Is exploration essential, or is the uncertainty epistemic? If the challenge is understanding known structure (math, code, vision, tables, diagnostics), recursion tends to win. If the challenge is creating novel experiences, RL earns its keep.
6) Practical recipe (reasoning without worlds)
- Representation. Choose a compact, stable input encoding; keep the model small.
- Initialization. Produce an initial guess
y₀(even a trivial one). - Recursion. Update a latent
za few times, then updatey. RepeatTsteps. - Deep supervision. Apply loss at each step; weight later steps slightly more.
- Halting. Add a learned “good‑enough” head to stop early.
- Ablate. Show gains from recursion depth, not parameter count.
- Log the trajectory. Publish
y/ztraces as your interpretability artifact.

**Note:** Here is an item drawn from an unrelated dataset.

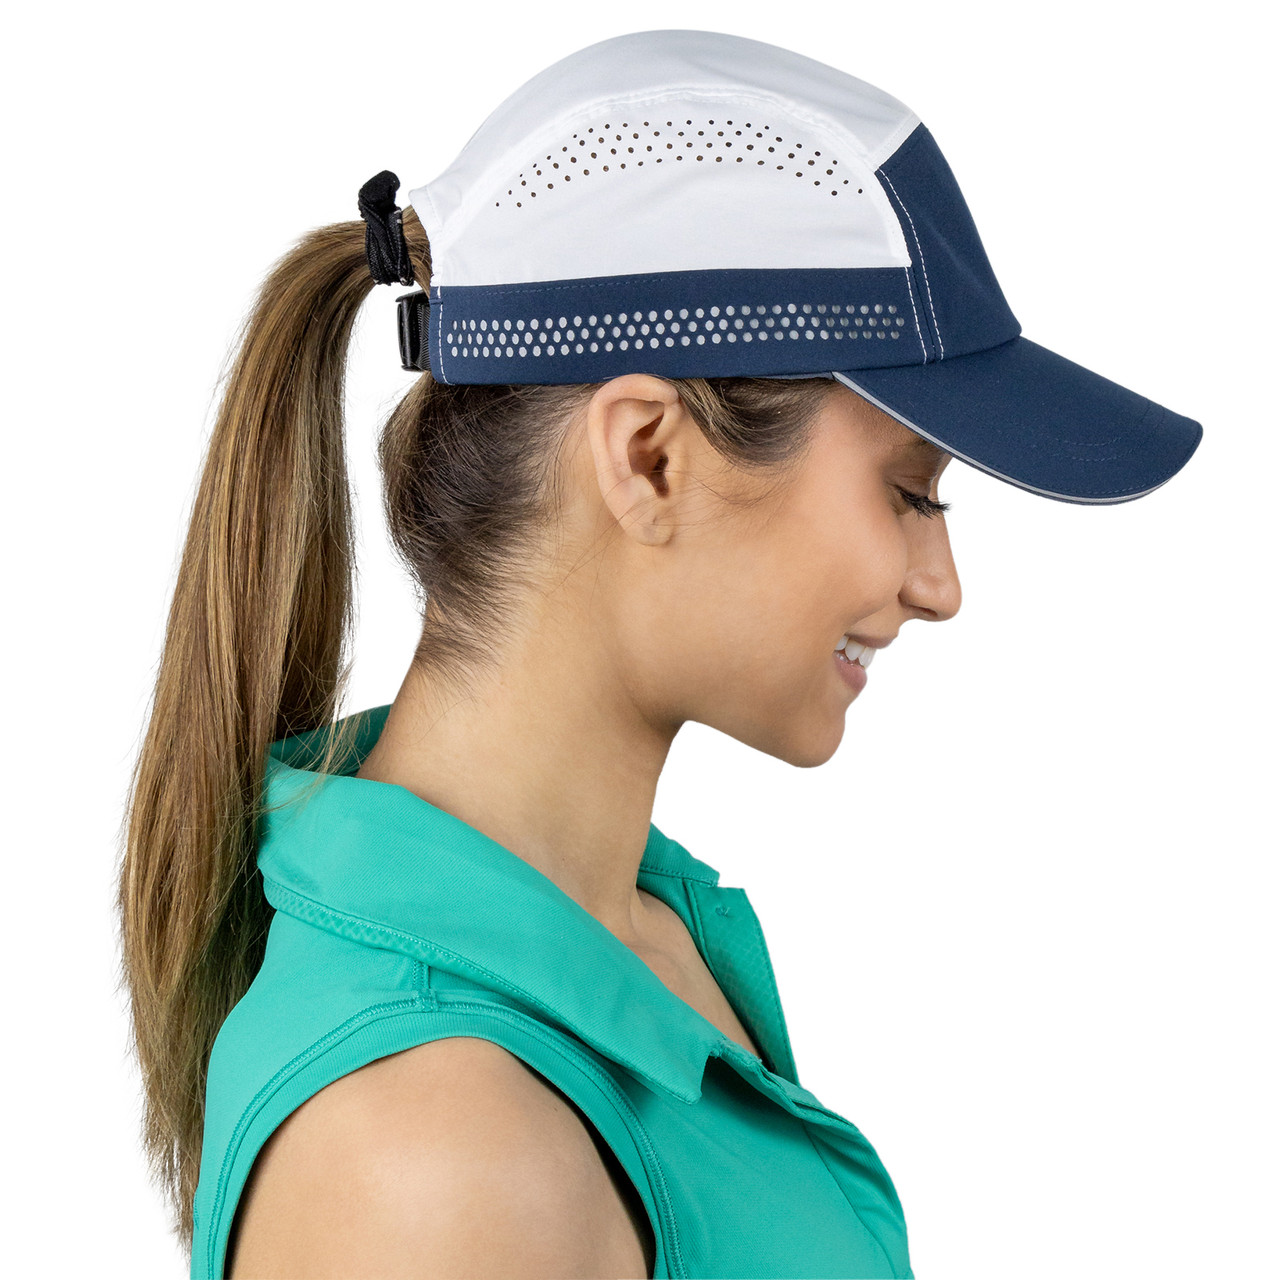 TrailHeads Women’s Running Hat - Recycled Sports Cap - Traverse Series

This is the simplest possible loop that still looks like “thinking.”
7) Predictions (you can test these)
- Simulators shrink to niches. For many reasoning tasks, datasets beat environments.
- Recursion > search (when labels exist). Iterative refinement will outpace tree search once encoders are competent.

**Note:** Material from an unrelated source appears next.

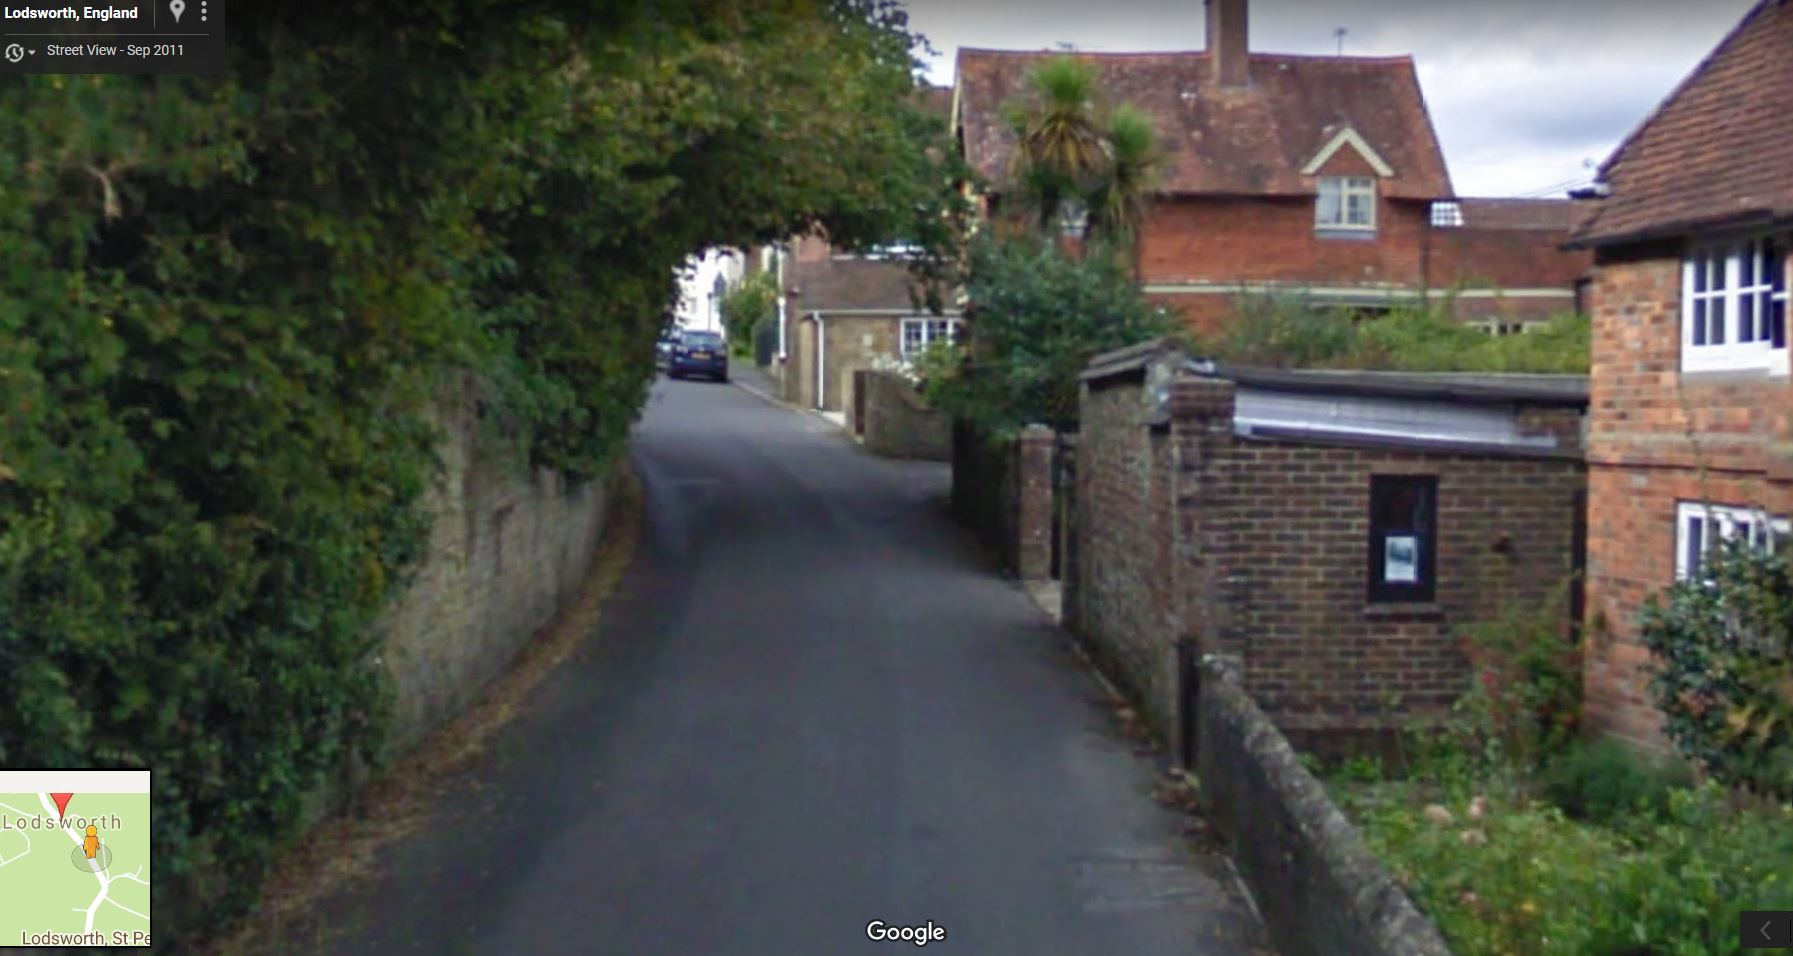 Lodsworth, Sussex - click image to return

- Smaller nets, deeper loops. Parameter count gives way to compute‑per‑example via more refinement steps.
- Interpretability moves inward. We’ll debug the improvement trajectory, not reward curves.
- RL becomes a data factory. Its primary role is to synthesize experience where labels are unavailable or unsafe to collect.
8) A note on ego
Part of why RL is beloved: it lets us feel like architects of worlds. But the bitter lesson keeps telling us that general methods plus compute beat our cleverness. Recursive supervision doubles down on that humility. It strips away even the pretense that we must encode dynamics. We give the model examples and a way to improve; the rest is gradient descent.
It’s less theatrical—no agents roaming elaborate simulacra—but it’s closer to the grain of reality: the world already wrote itself into the data.
9) Closing
The first bitter lesson humbled our feature engineering. Bitter Lesson 2.0 humbles our world‑engineering.
Reasoning doesn’t require rewards if we let models learn to improve their own answers. When labels exist, recursion turns supervision into thinking. And at scale, the same ancient law applies: compute wins—especially when we get out of its way.
Concept framed by me, draft generated with AI.